[CentOS] High-Availability Clustering and drbd?

Andrew Cotter andrew.cotter at somersetcapital.com
Fri Mar 17 13:14:27 UTC 2006

> -----Original Message-----
> From: centos-bounces at centos.org [mailto:centos-bounces at centos.org]On
> Behalf Of Johnny Hughes
> Sent: Friday, March 17, 2006 3:31 AM
> To: CentOS ML
> Subject: Re: [CentOS] High-Availability Clustering and drbd?
> On Thu, 2006-03-16 at 23:52 -0800, Benjamin Smith wrote:
> > Ugh.
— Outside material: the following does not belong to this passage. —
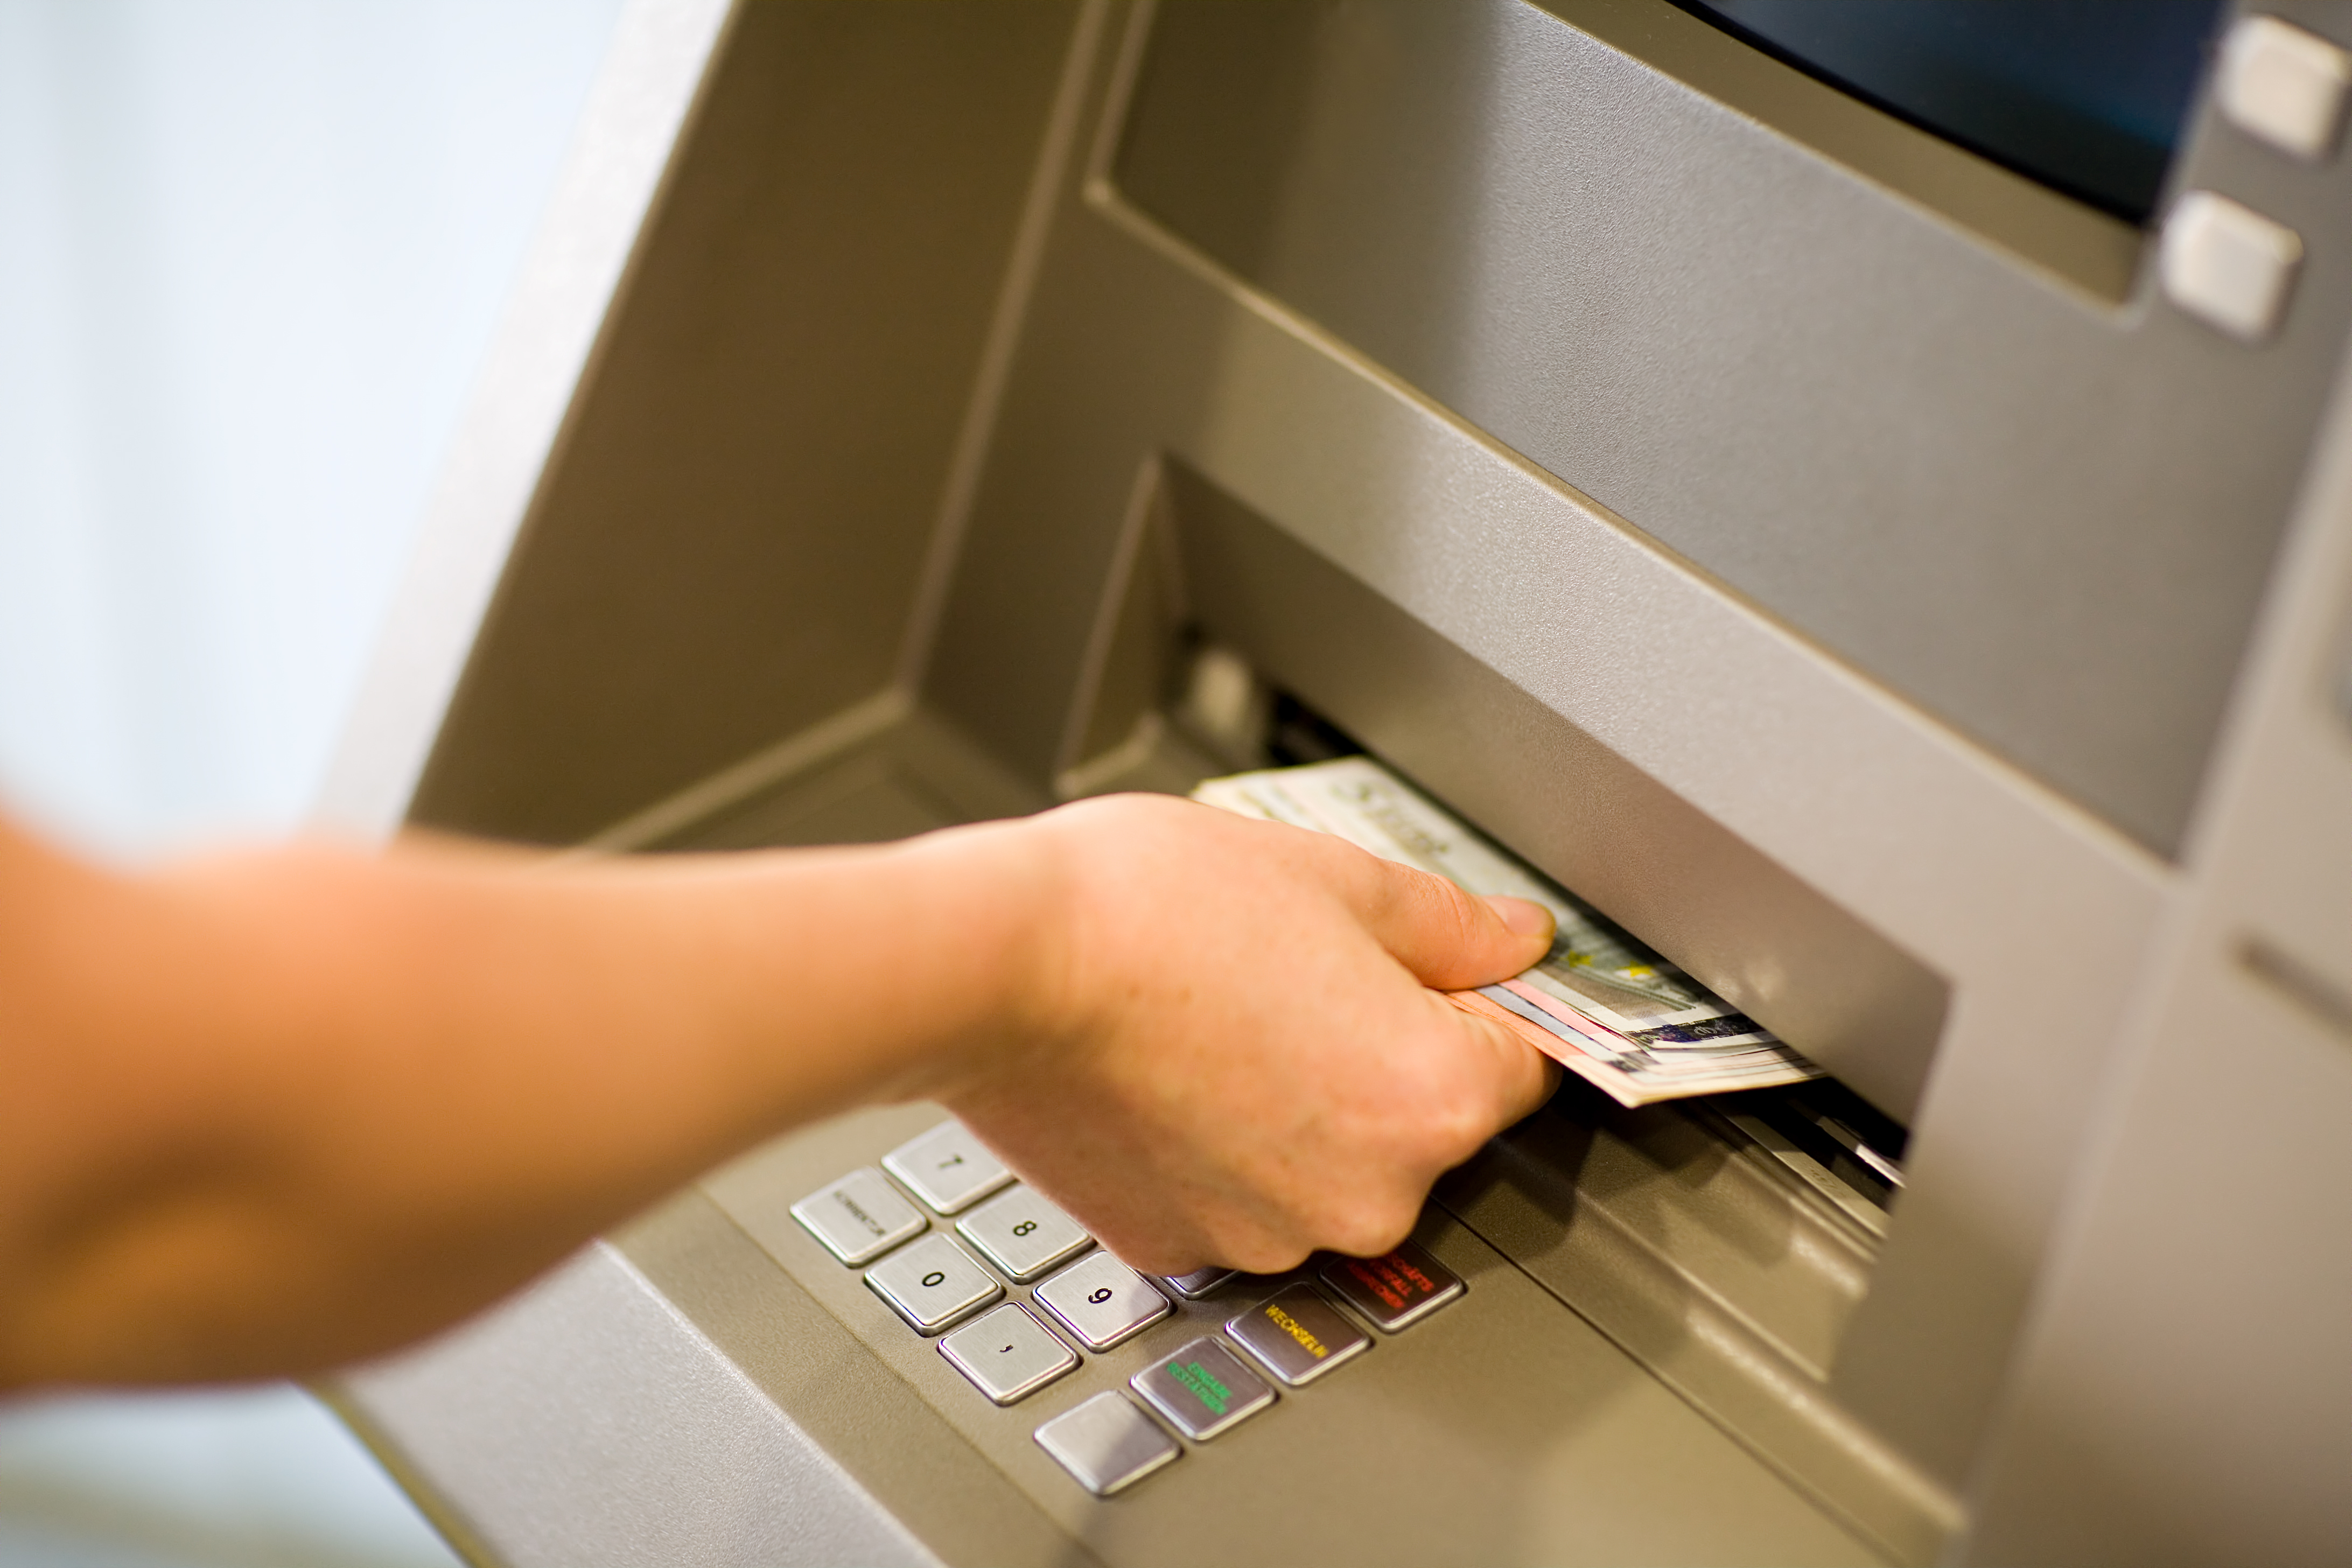 Une personne qui récupère de l'argent à un distributeur automatique. | Source : Shutterstock

What a week!
> >
> > Anyway, my situation is that we have a production server in San
> Fransisco, and
> > a "hot" backup in my hometown (Chico, CA) .
> >
> > What I'd like to do is mirror the production server to the
> local one, so that
> > if the SF server goes down, we have work saved to the last
> possible moment.
> > Say, within 10 minutes.... Is this feasible?
> I don't think something like DRBD is going to work very well across a
> WAN link.  The amount of traffic generated by drbd can be pretty large,
> it is enough that I normally use a gigabit crossover cable between 2
> servers (if possible) when using drbd on them.
> I would think that rsyncs of the appropriate directories at a period in
> time might be the best way to handle this.
> I am getting ready to do this in then next week or so myself ... if I
> have any luck, I'll tell you what solution I found.  In my case I am
> also worried about a mysql database that has live info in it ... and an
> ldap database too.

Good to know the bandwidth requirements of DRBD before trying it over our
WAN.  We use rsync to keep a directory structure in sync with a backup
server on the other side of the contry.  In total the directory is about
34GB and consists of images of scanned documents ov verious sizes.  We shoot
this over a T1 across the US and once the original sync is done, it does a
nice job a couple times a day checking and updating differences.

I have also played with Unison (http://www.cis.upenn.edu/~bcpierce/unison/)
with some success, but ended up using rsync for another project.

As for MySQL over WAN, how have people done with the built in replication?